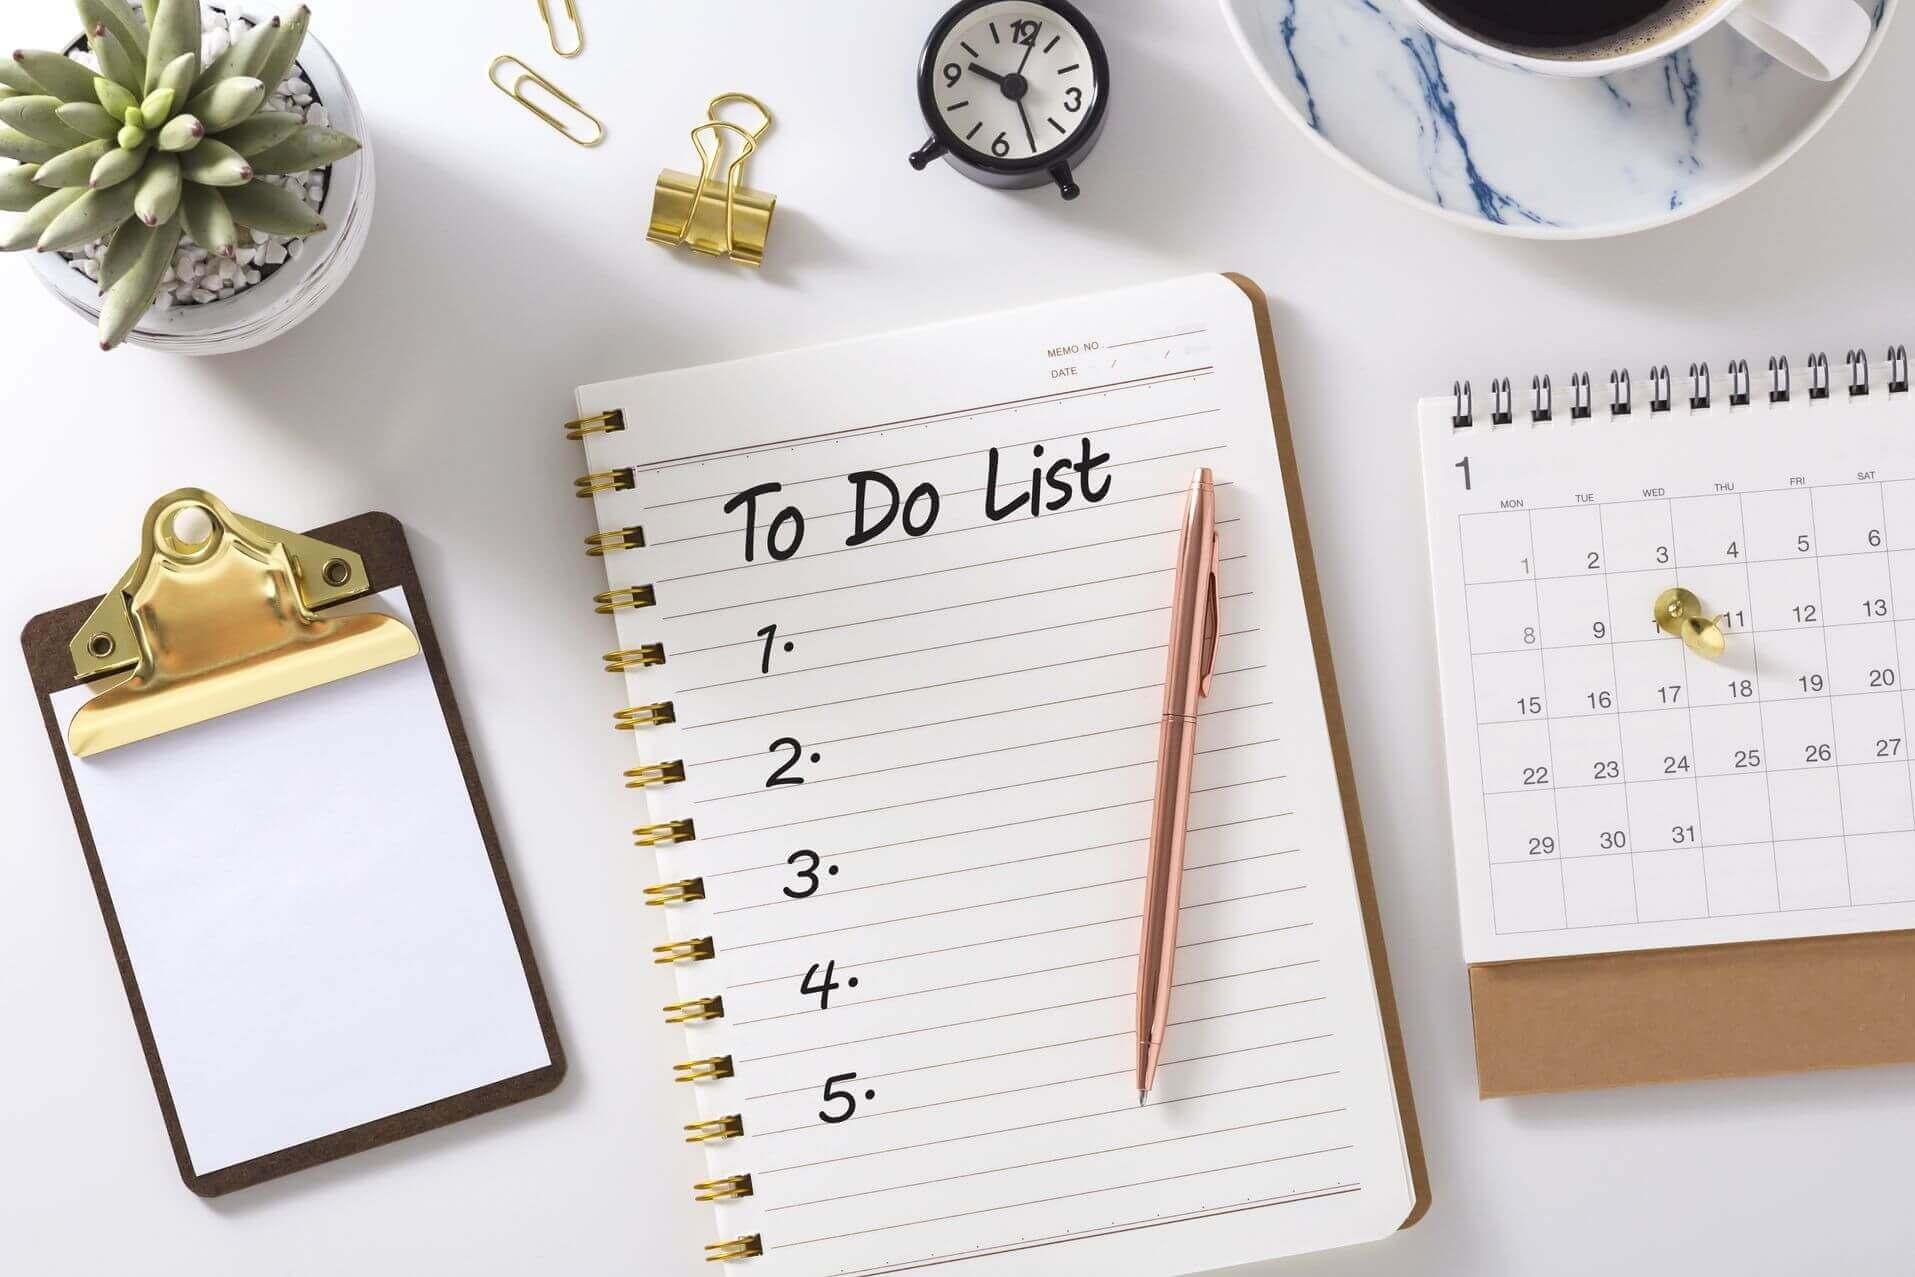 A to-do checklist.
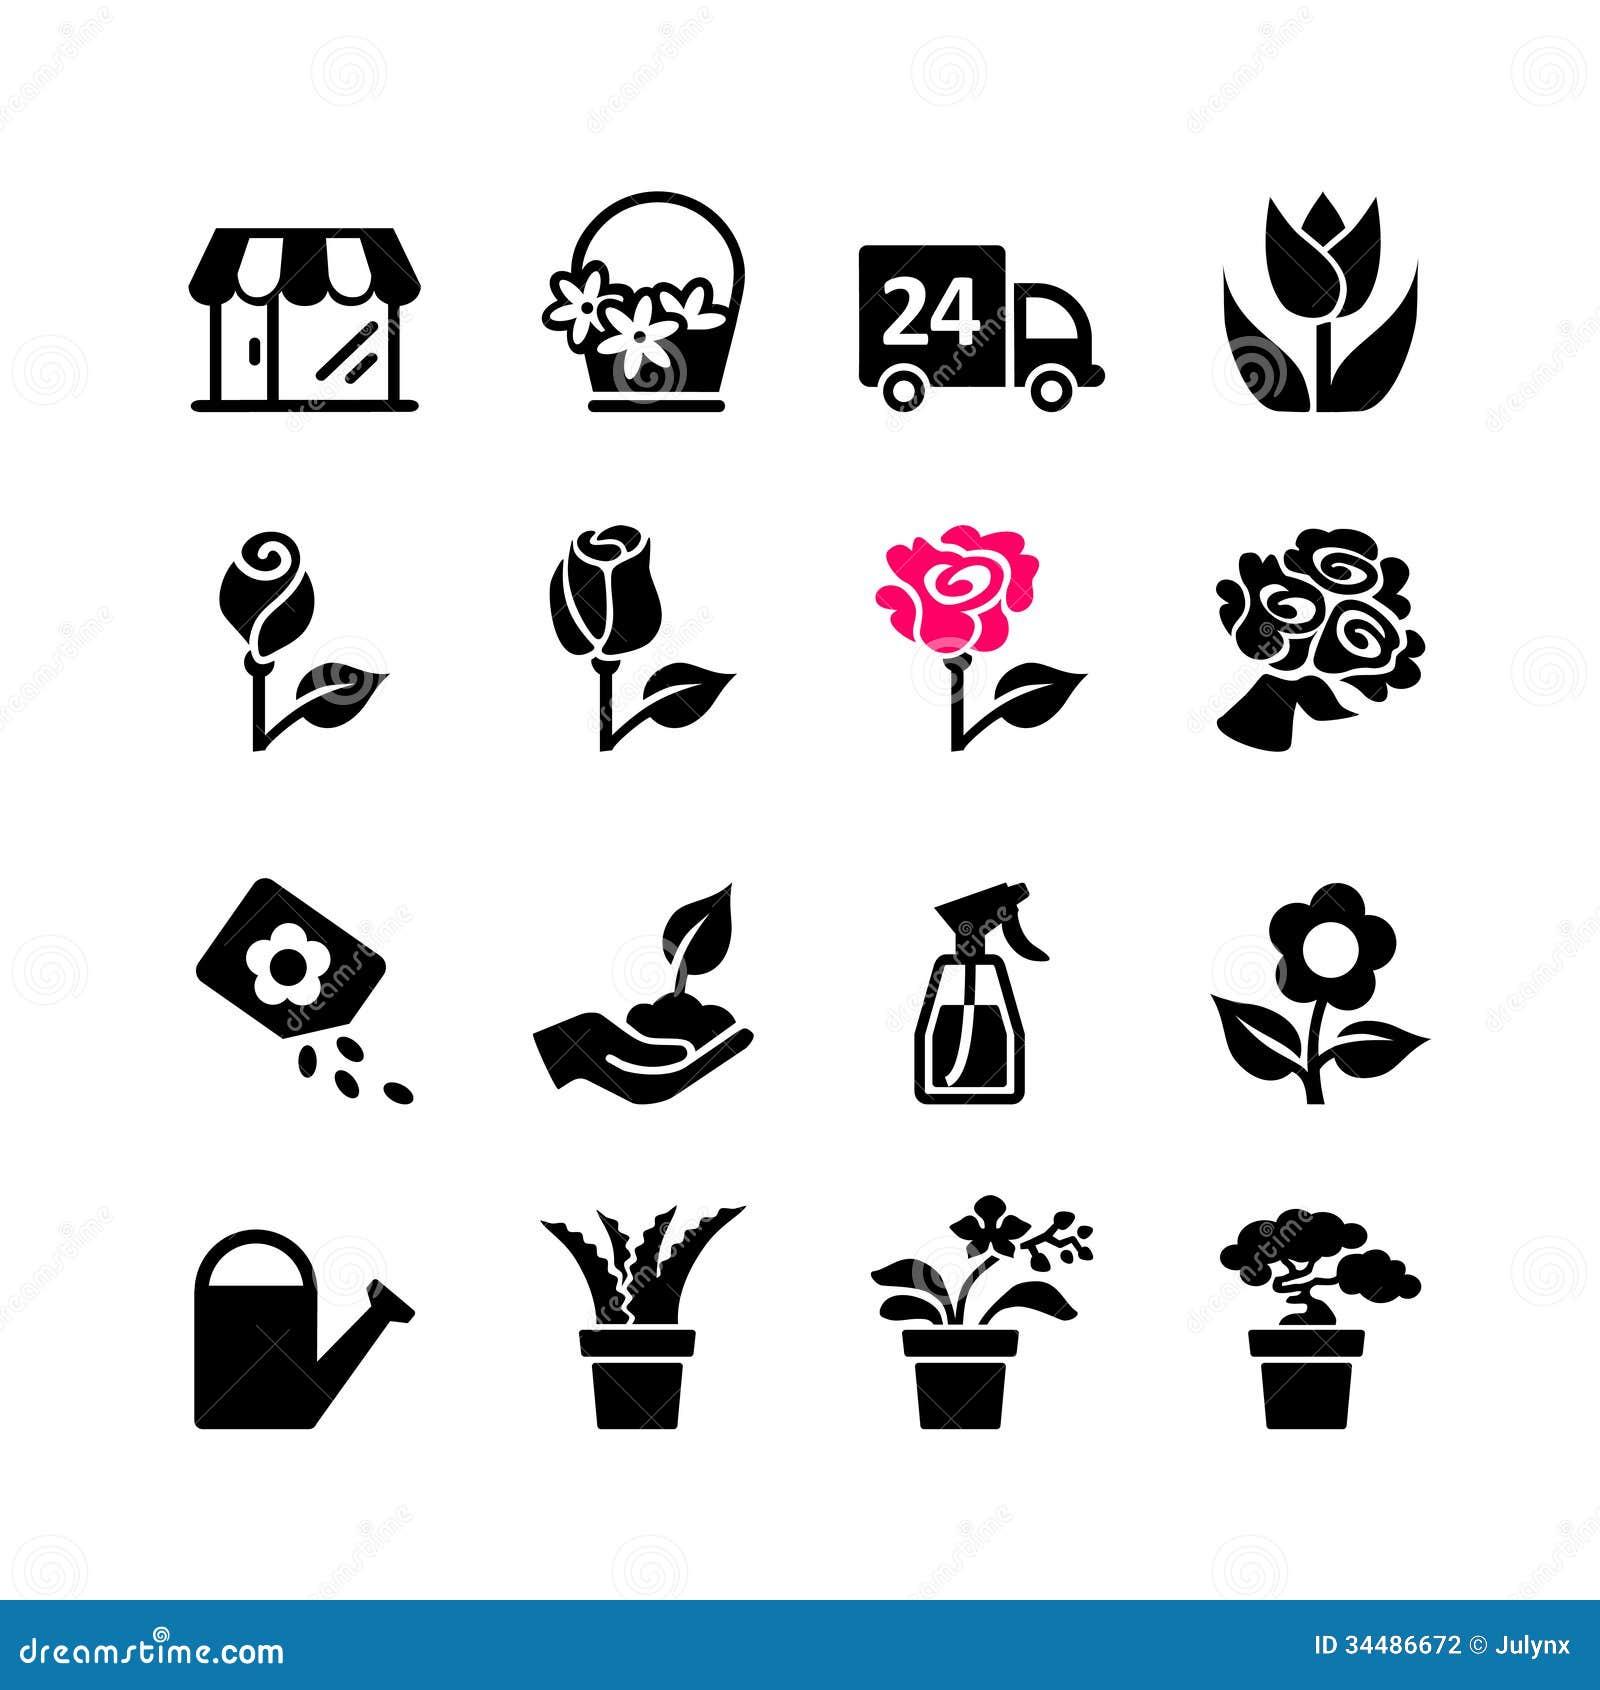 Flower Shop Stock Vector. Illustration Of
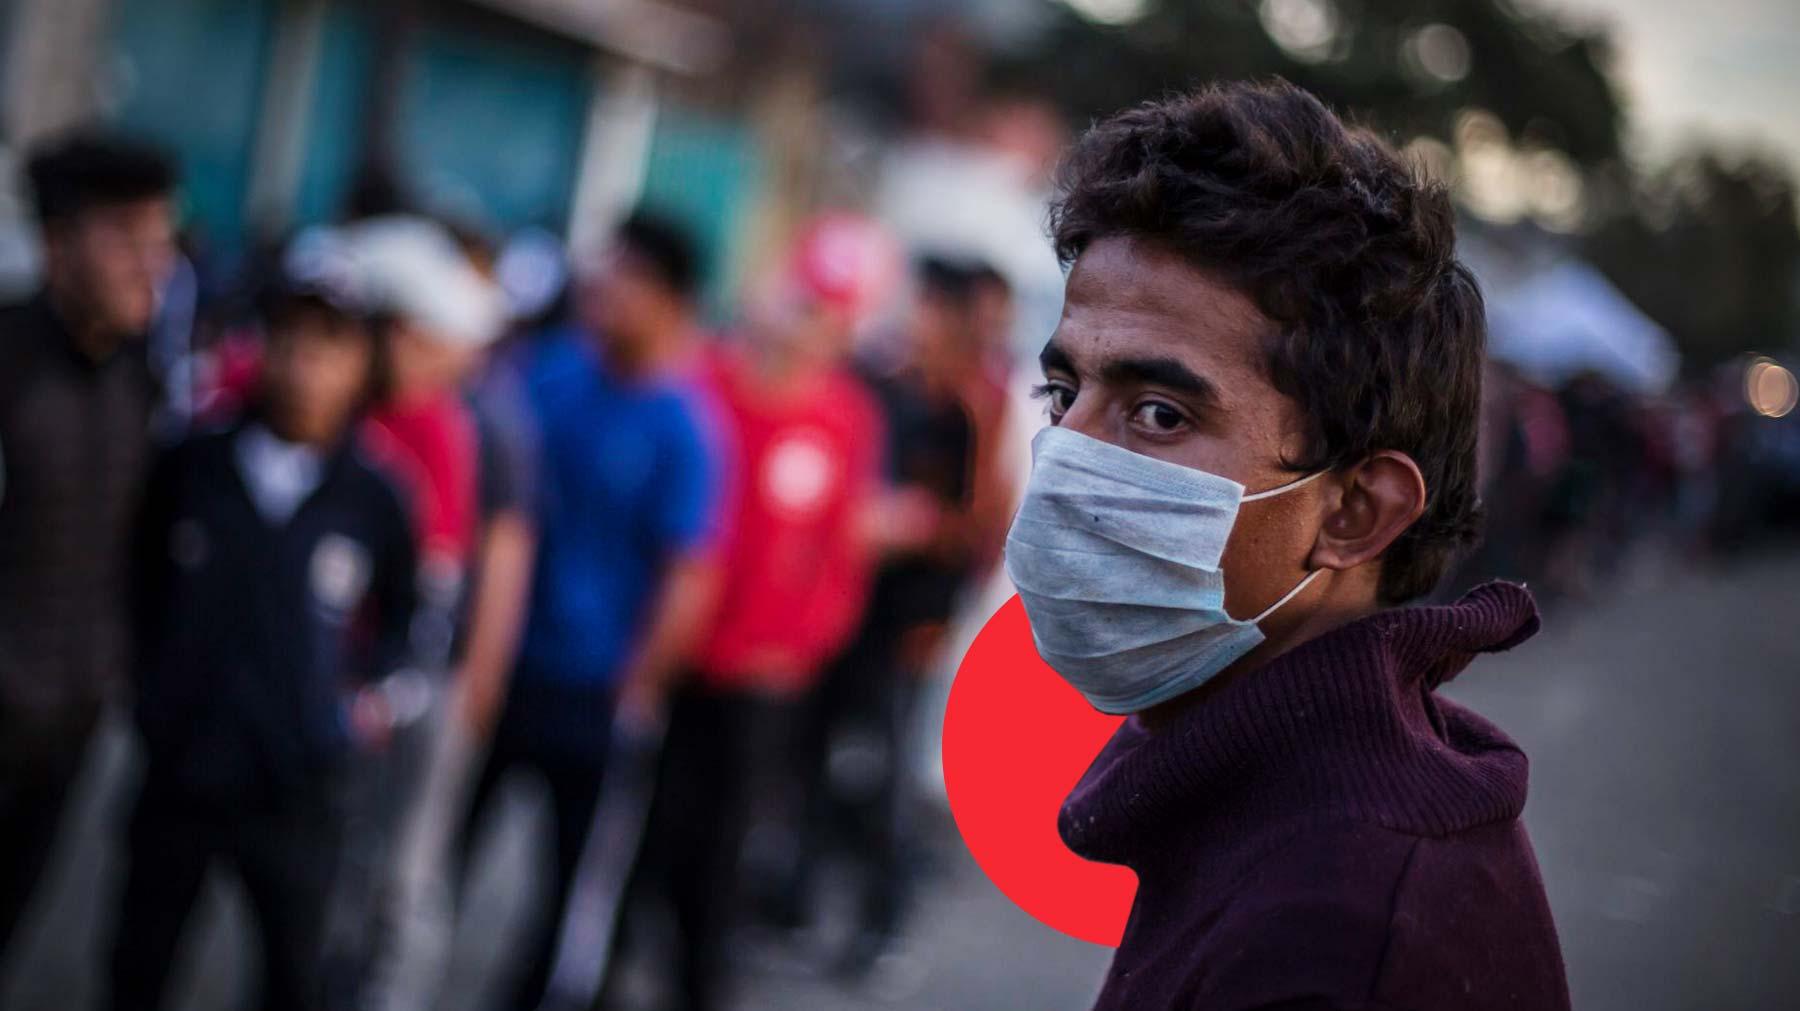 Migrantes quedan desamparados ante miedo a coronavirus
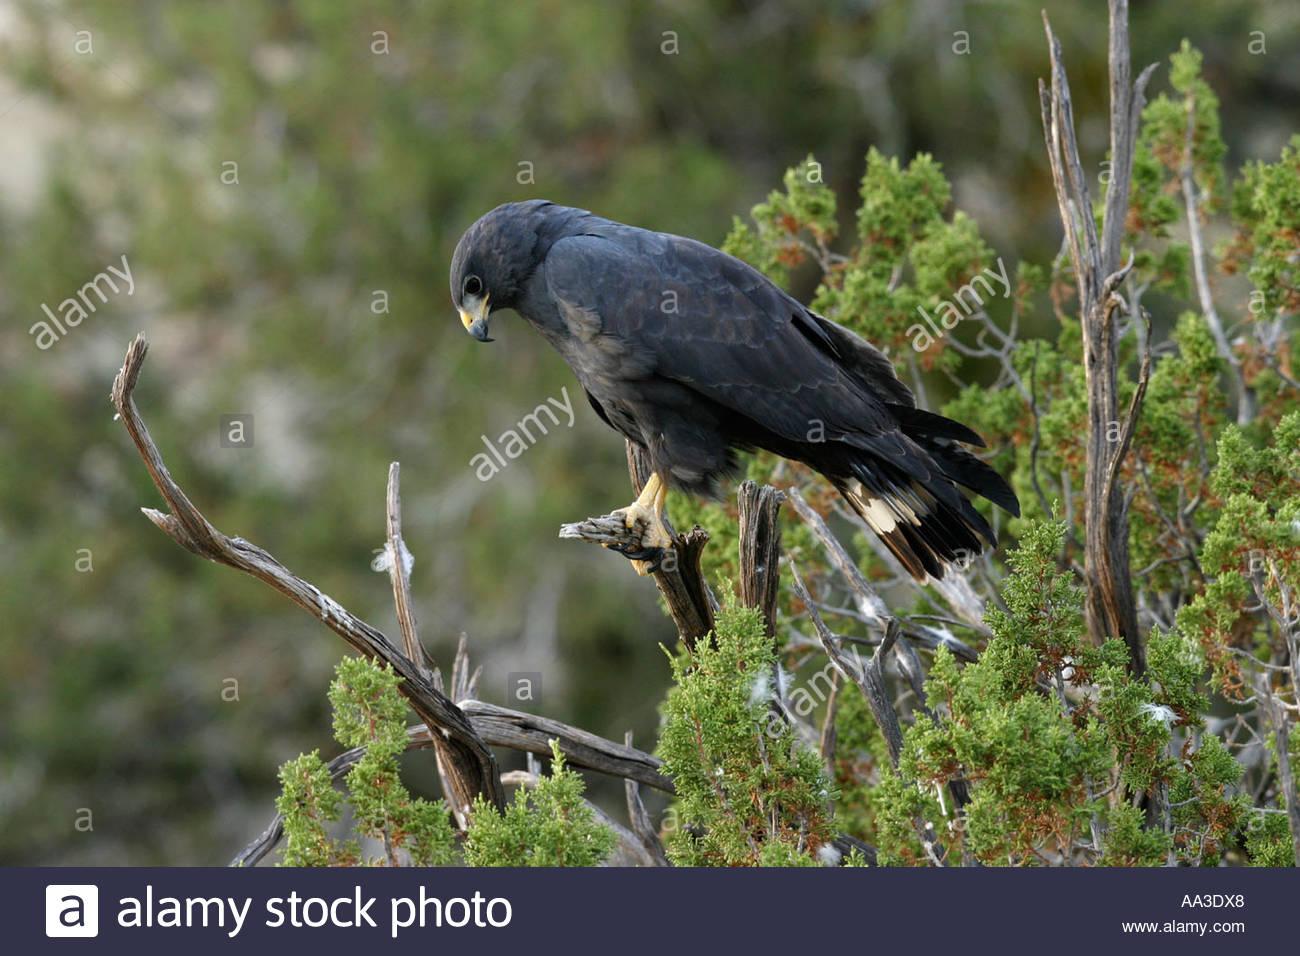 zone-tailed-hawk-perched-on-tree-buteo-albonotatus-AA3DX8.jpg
+===+
▸ **ASSIGNMENT**
Send back the data above verbatim, leaving out its pictures.

▸ **EXERCISE ANSWER**
 A to-do checklist.
 Flower Shop Stock Vector. Illustration Of
 Migrantes quedan desamparados ante miedo a coronavirus
 zone-tailed-hawk-perched-on-tree-buteo-albonotatus-AA3DX8.jpg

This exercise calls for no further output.